Given data START

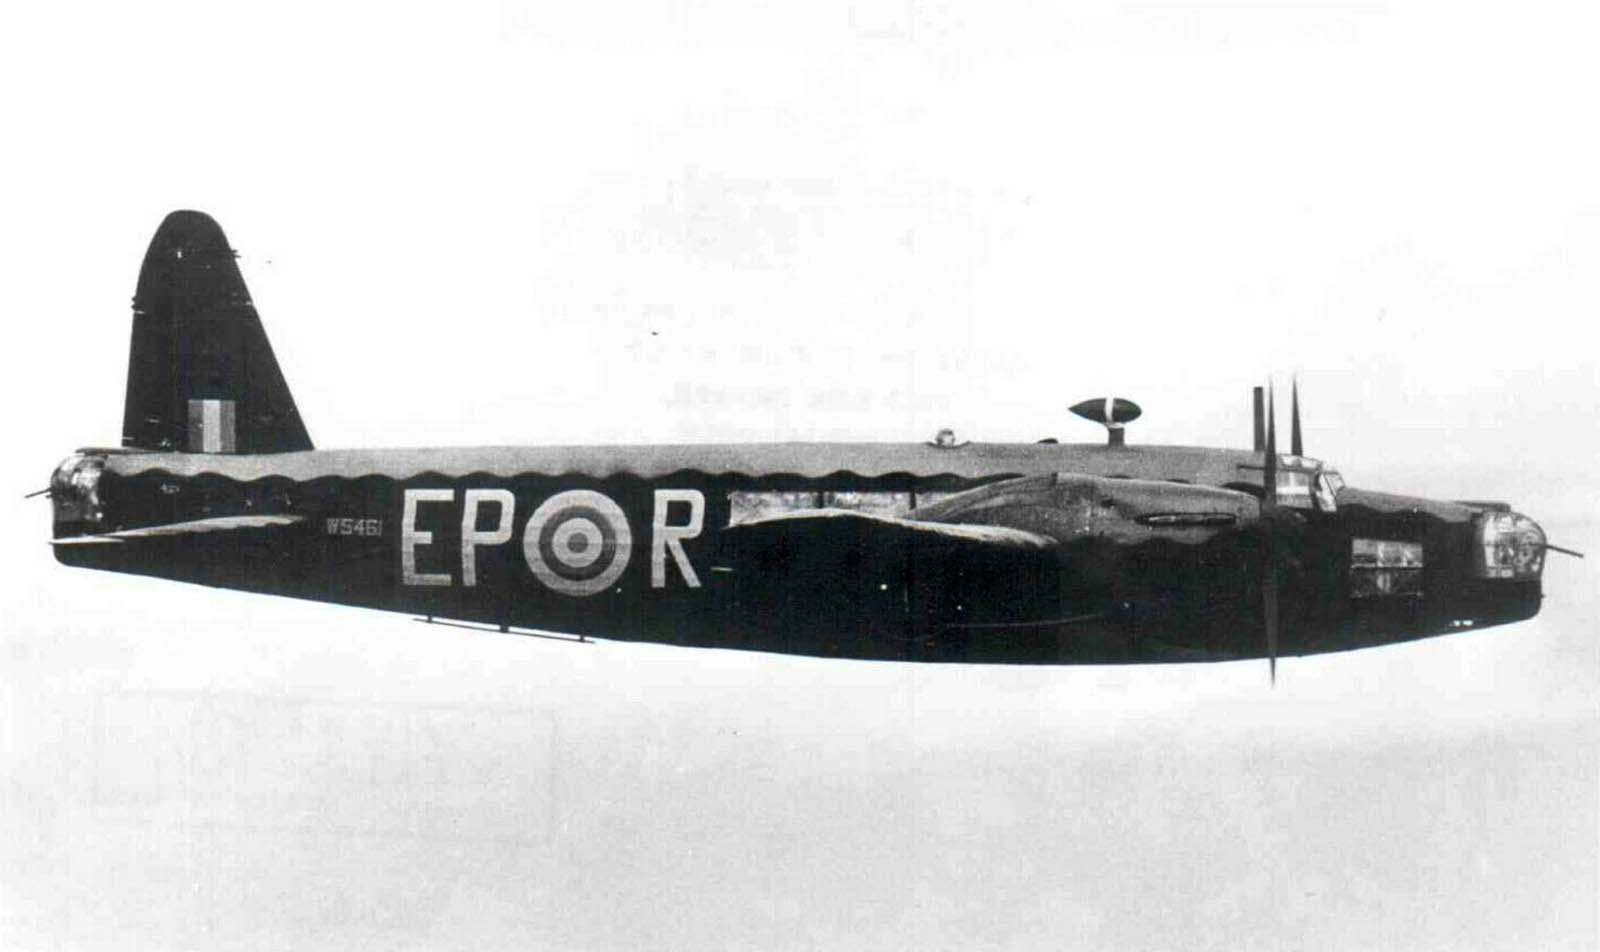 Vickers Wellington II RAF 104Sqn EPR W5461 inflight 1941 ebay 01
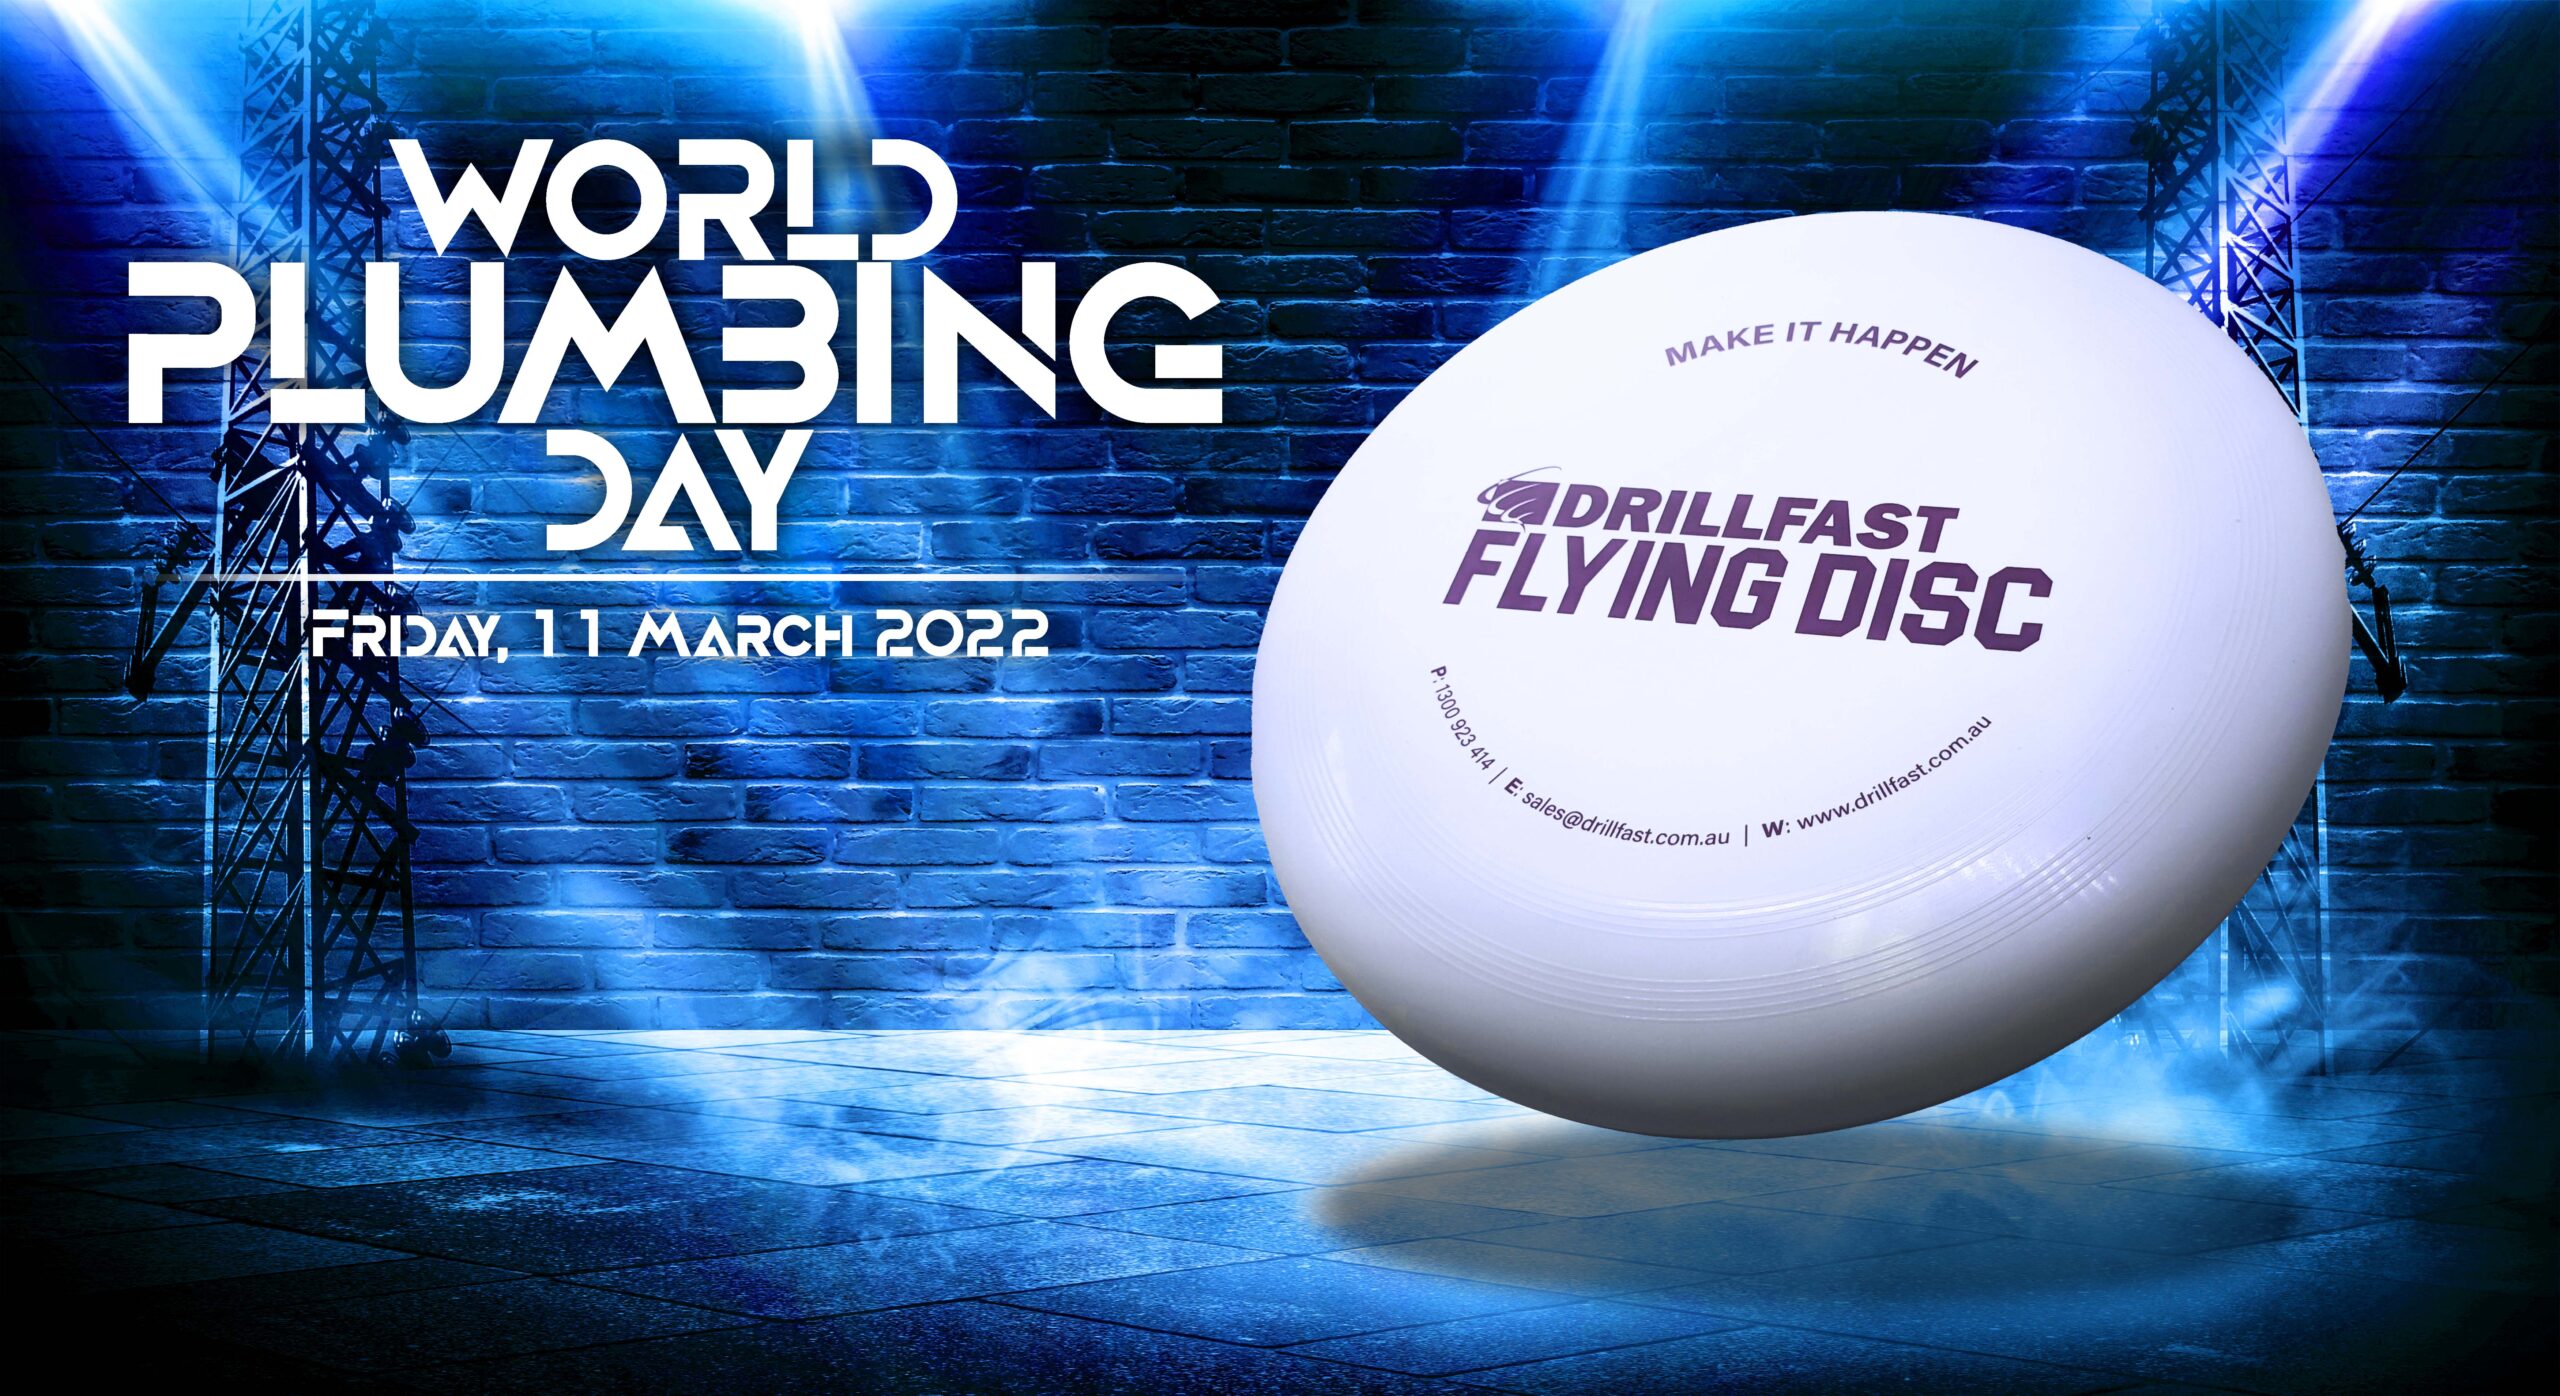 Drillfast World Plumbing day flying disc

Given data END
Given data START

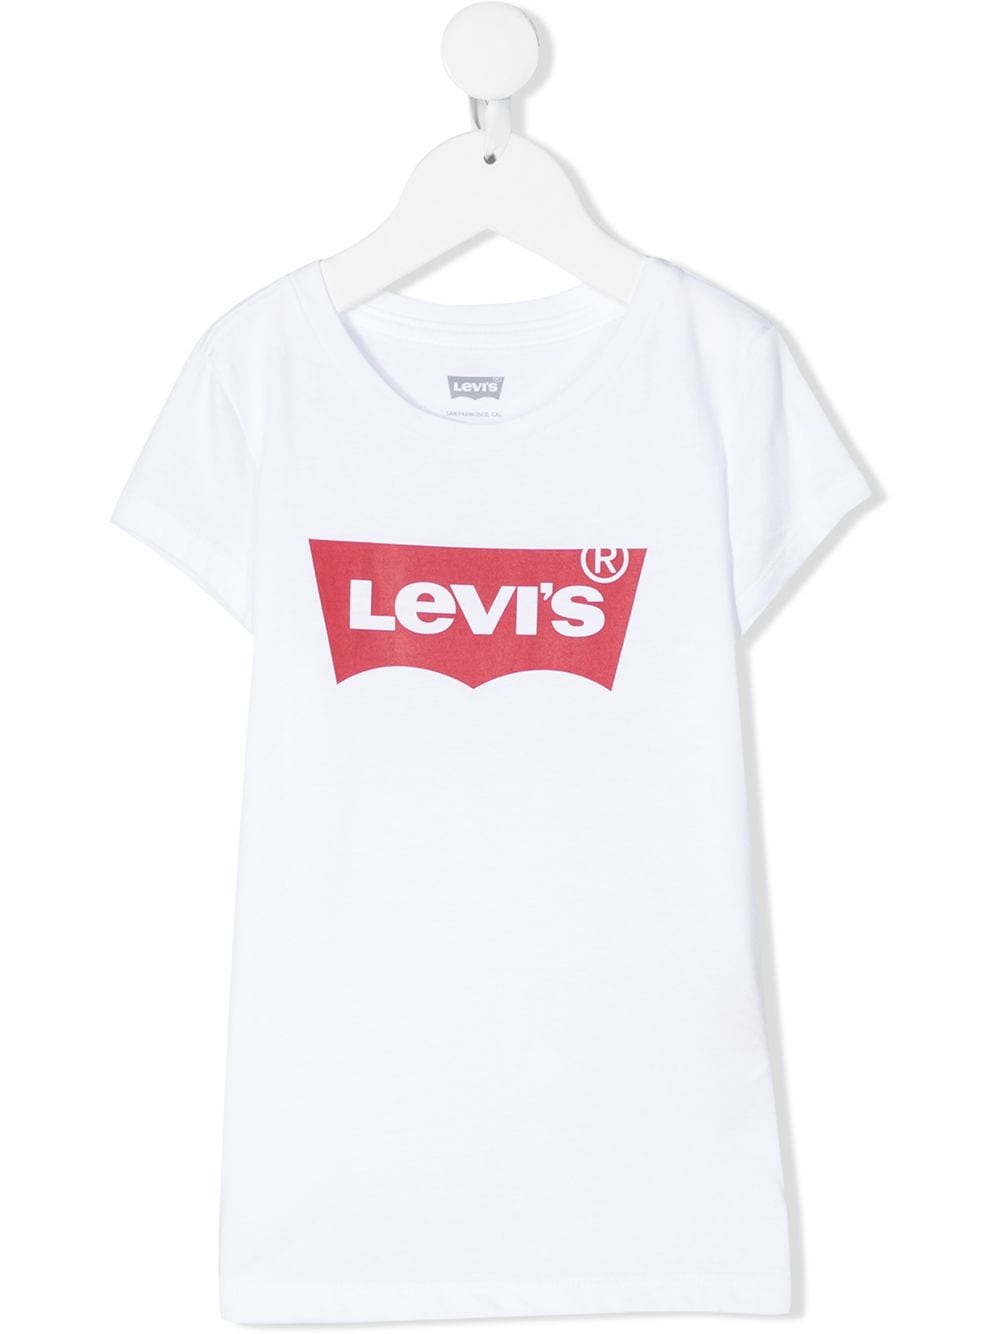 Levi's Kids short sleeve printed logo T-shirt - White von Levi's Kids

Given data END
Given data START

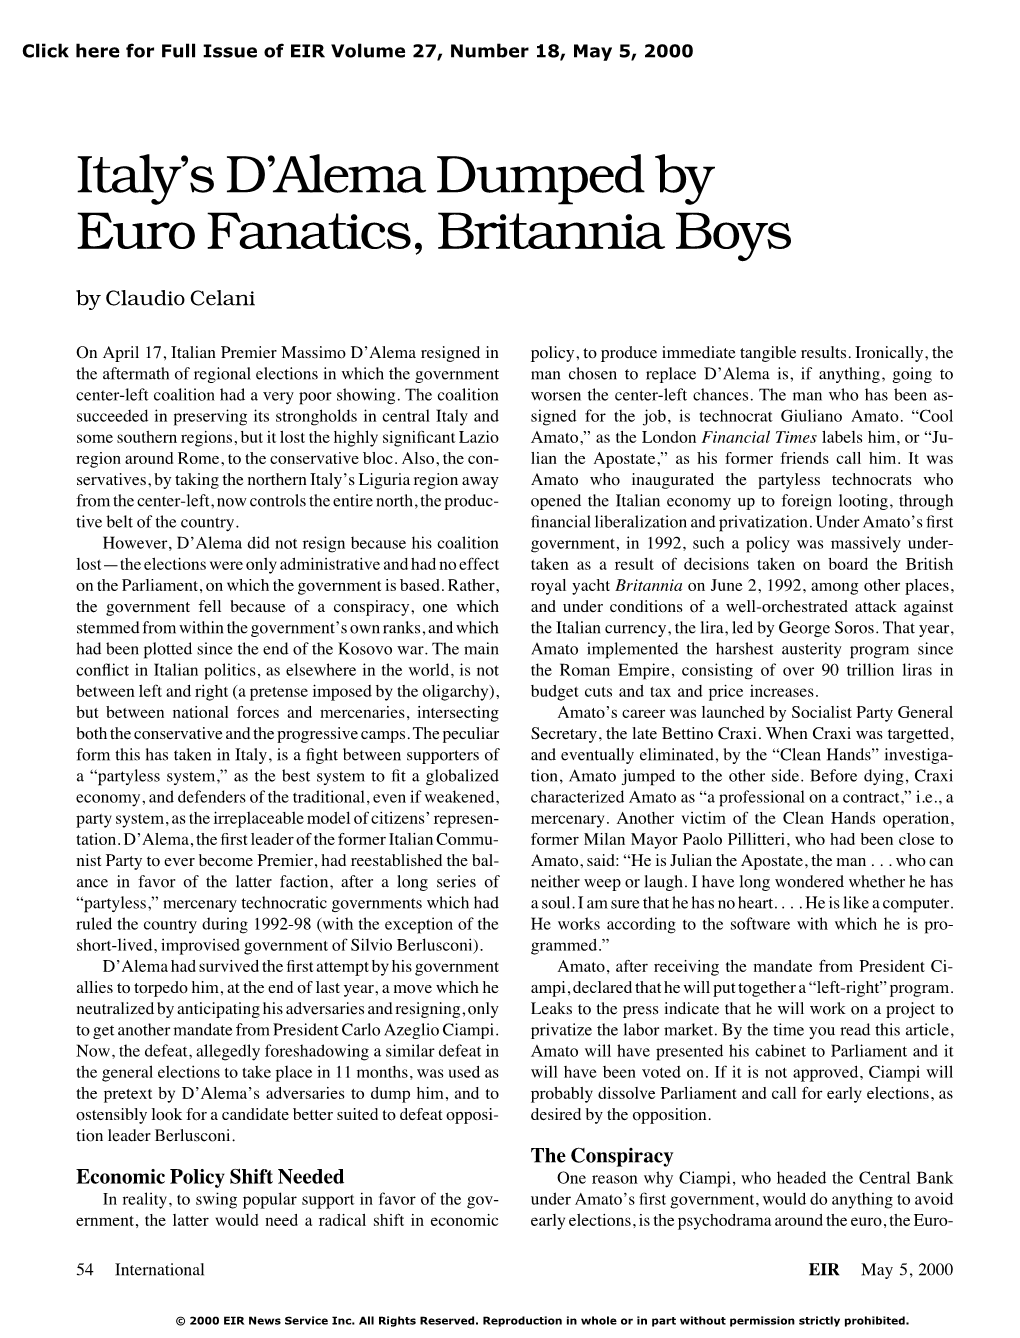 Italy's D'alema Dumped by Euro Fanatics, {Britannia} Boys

Given data END

Directions:
Word for word, retype the lines in the entries above that run from the one with "Vickers Wellington II" through the one with "Drillfast World Plumbing day flying disc". Both ends count; pictures do not.

Answer:
 Vickers Wellington II RAF 104Sqn EPR W5461 inflight 1941 ebay 01
 Drillfast World Plumbing day flying disc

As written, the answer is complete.